What to Store — The Memory Selection Problem
Memory Libraries and Tools
| Tool | Type | Best for |
|---|---|---|
| LangChain Memory | Library (Python) | Quick implementation of buffer, summary, and vector memory; integrates with LangChain chains |
| LangGraph Checkpointing | State graph (Python) | Persistent graph state across turns and sessions; production agentic systems |
| Mem0 | Managed memory service | Cross-session personalised memory with automatic extraction and retrieval |
| Redis | In-memory store | Session state (working memory), short-term buffer with TTL; also supports vector search (RedisVL) |
| Pinecone / Qdrant / pgvector | Vector database | Semantic long-term memory retrieval; episodic and semantic memory stores |
Failure Modes
Context window overflow mid-conversation
When the combined prompt + history + new message exceeds the model's context limit, the API throws an error — or silently truncates from the beginning. Always implement a token counter and a truncation/summarisation trigger before you hit the limit.
Lost information at window boundary
Sliding window memory drops the oldest messages. If the user stated a key constraint at turn 2 and you are at turn 25 with a window of 15, that constraint is gone. Solution: extract key constraints into a pinned “user context” block always included regardless of window position.
Memory retrieval pollution
Retrieving too many or poorly ranked memories floods the context with irrelevant past conversations. Apply strict top-k limits (3–5 memories max), set a similarity score threshold, and test retrieval quality independently of generation quality.
Stale memory
User preferences change over time. Implement TTLs on stored memories, or include a last-updated timestamp. Allow users to explicitly correct or clear stored facts.

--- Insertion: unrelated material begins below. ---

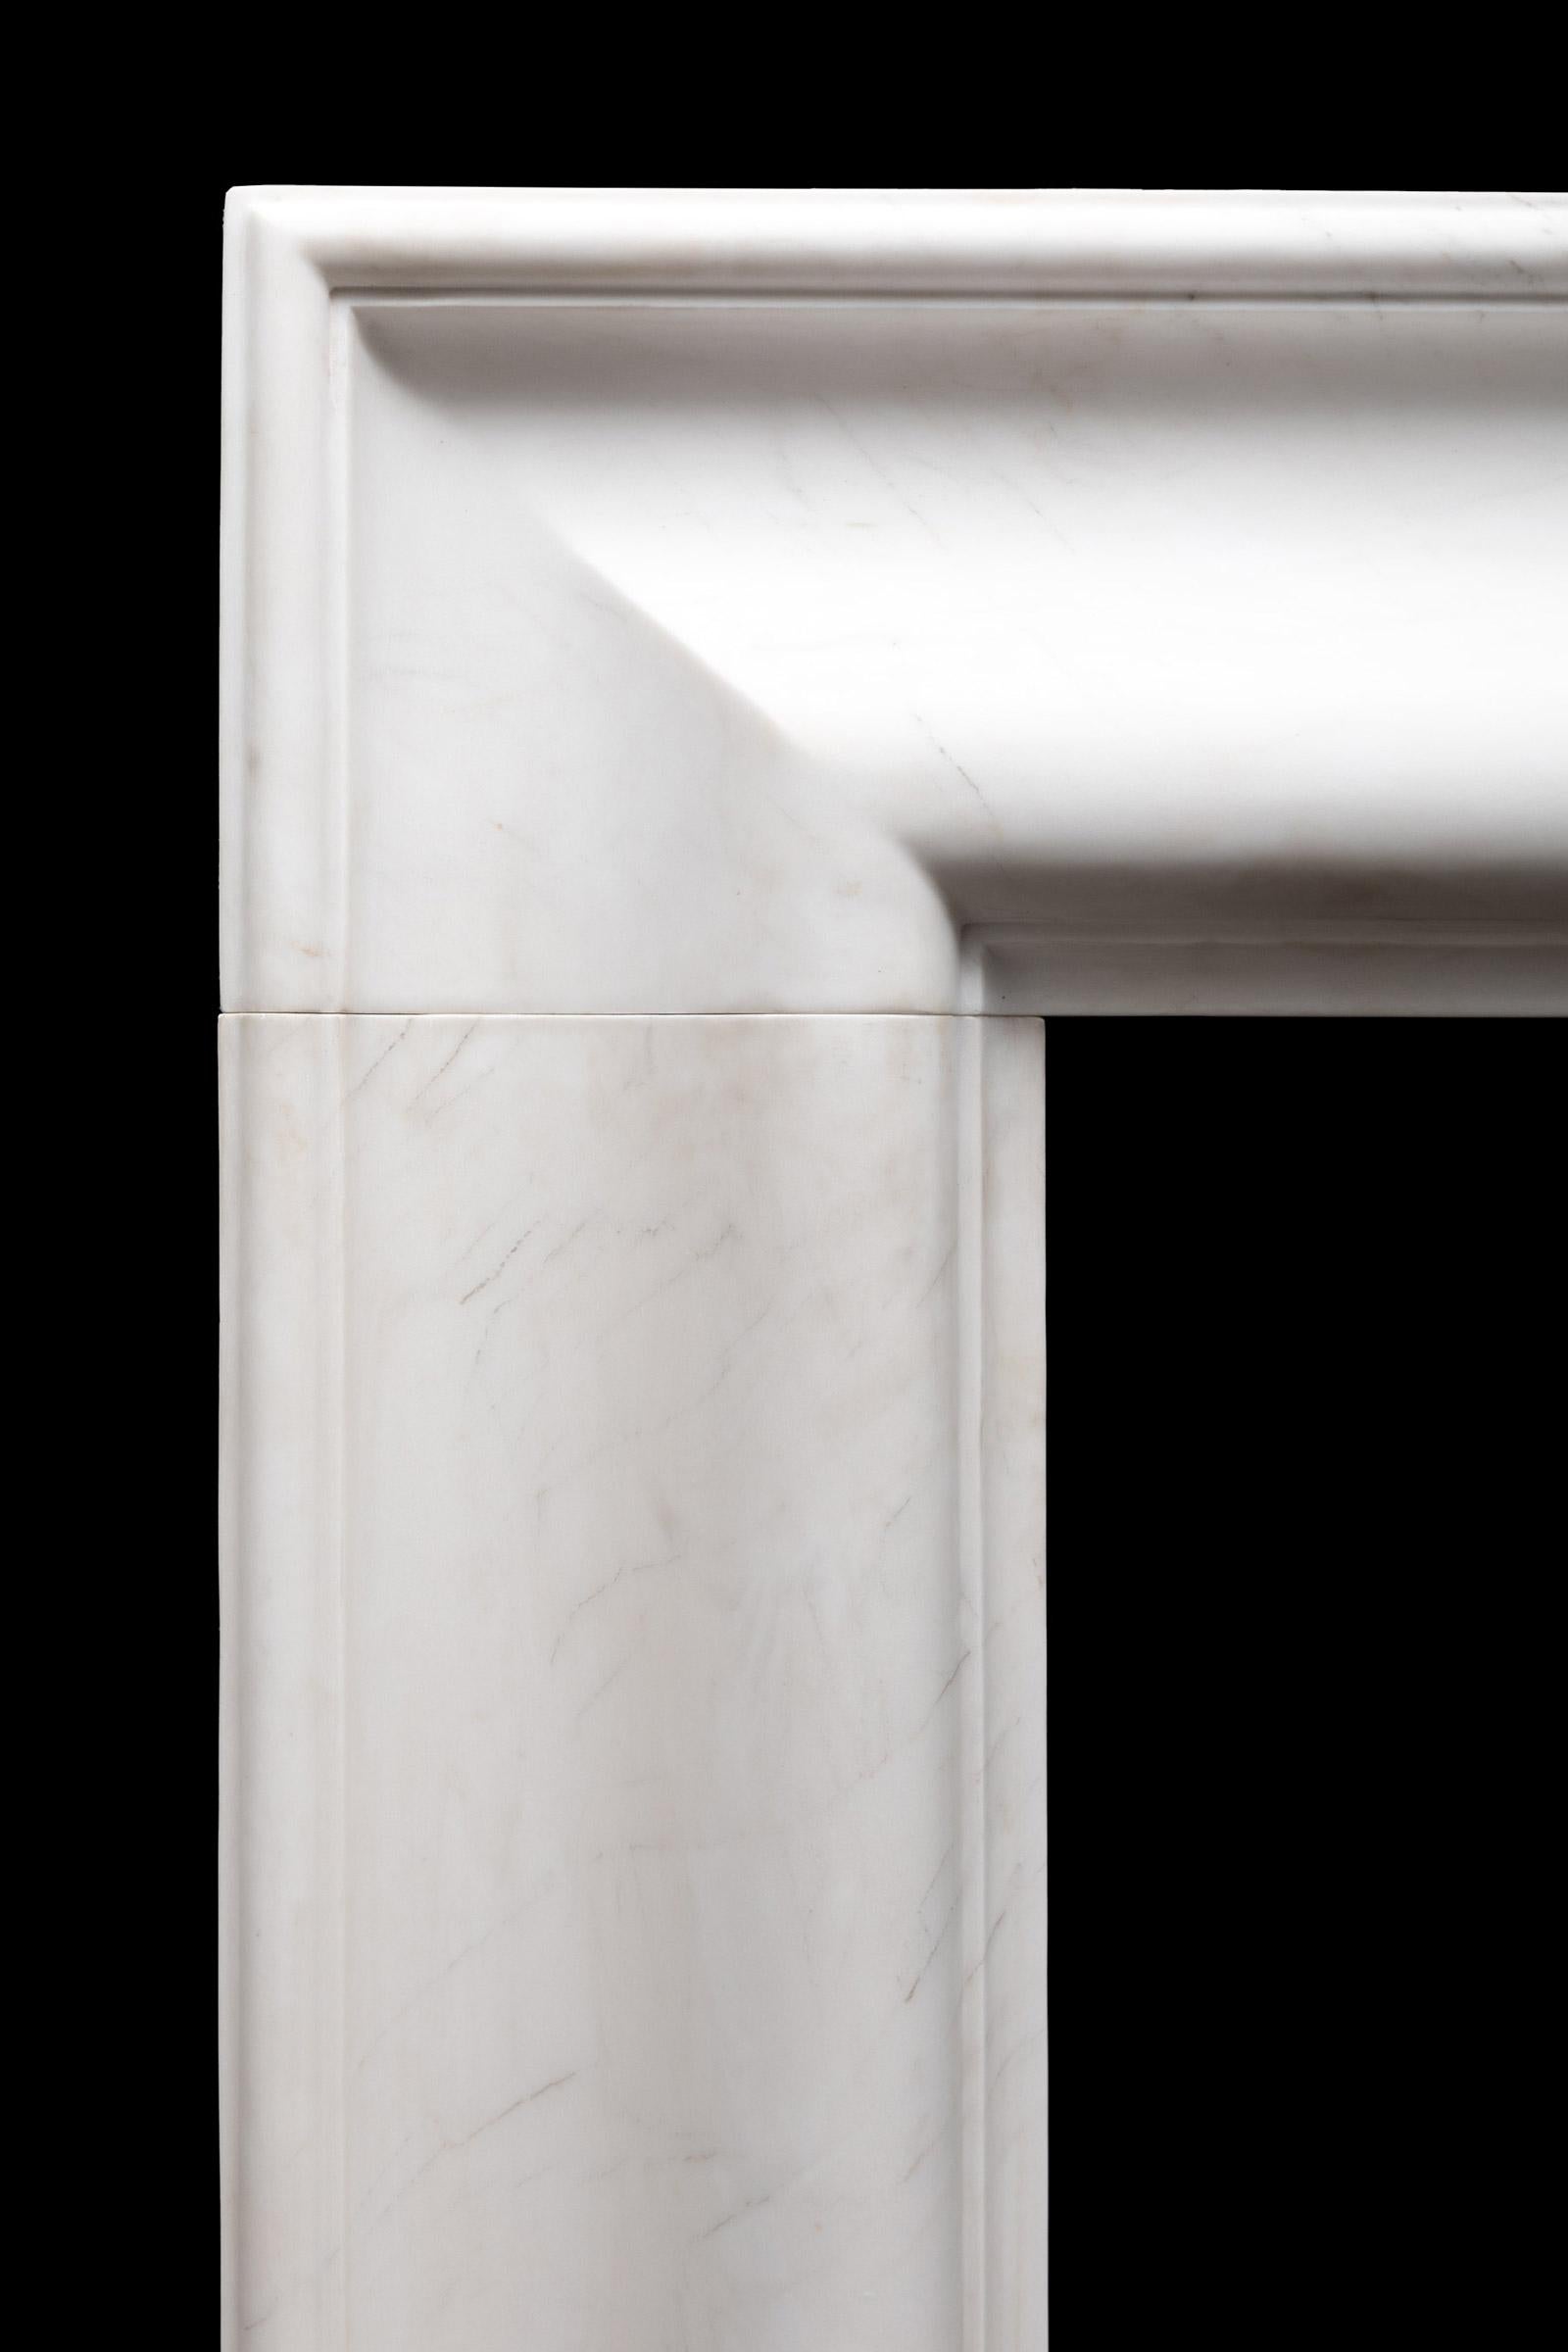 A large bolection fireplace produced in three solid blocks of white statuary marble with very subtle veining.
The Roma Bolection is a stylishly simple and robust example of a bolection moulding fireplace surround.

Not persisting working state server-side
Storing task state only in the LLM conversation thread means a network hiccup, browser refresh, or timeout loses all collected slots. Always persist working state to a server-side session store (Redis with a session TTL).
Privacy and Memory
Design memory with deletion in mind from day one. Users have the right to know what you remember about them and to request deletion. This has GDPR and CCPA implications in regulated markets.
Strategy Chooser
| Your situation | Recommended strategy |
|---|---|
| Short transactions, under 20 turns, precise recall needed | Full history buffer (in-context) |
| Long conversations, recent context most relevant, cost-sensitive | Sliding window (last N turns) |
| Long conversations where early context still matters | Summary buffer (ConversationSummaryBufferMemory) |
| Multi-step task with structured slots | Working state (Redis session store) + sliding window for conversation |
| Personalised assistant with returning users | Hybrid: structured user profile (DB) + vector episodic memory |
| You want managed memory without building it yourself | Mem0 managed memory layer |
Checklist: Do You Understand This?
- Can you explain why LLMs need explicit memory management and what “stateless by default” means?
- Can you describe the difference between in-context memory and external memory?
- What is a sliding window, and what is the key failure mode it introduces?
- How does a summary buffer improve on a pure sliding window?
- Can you describe the three-tier hybrid memory architecture used in production chatbots?
- What is working state in a task bot, and why should it be persisted server-side?
- What is the “memory selection problem”, and how does Mem0 approach it?
- Can you name three failure modes in memory management and how to mitigate them?
- What privacy requirements should you design into a memory system from the start?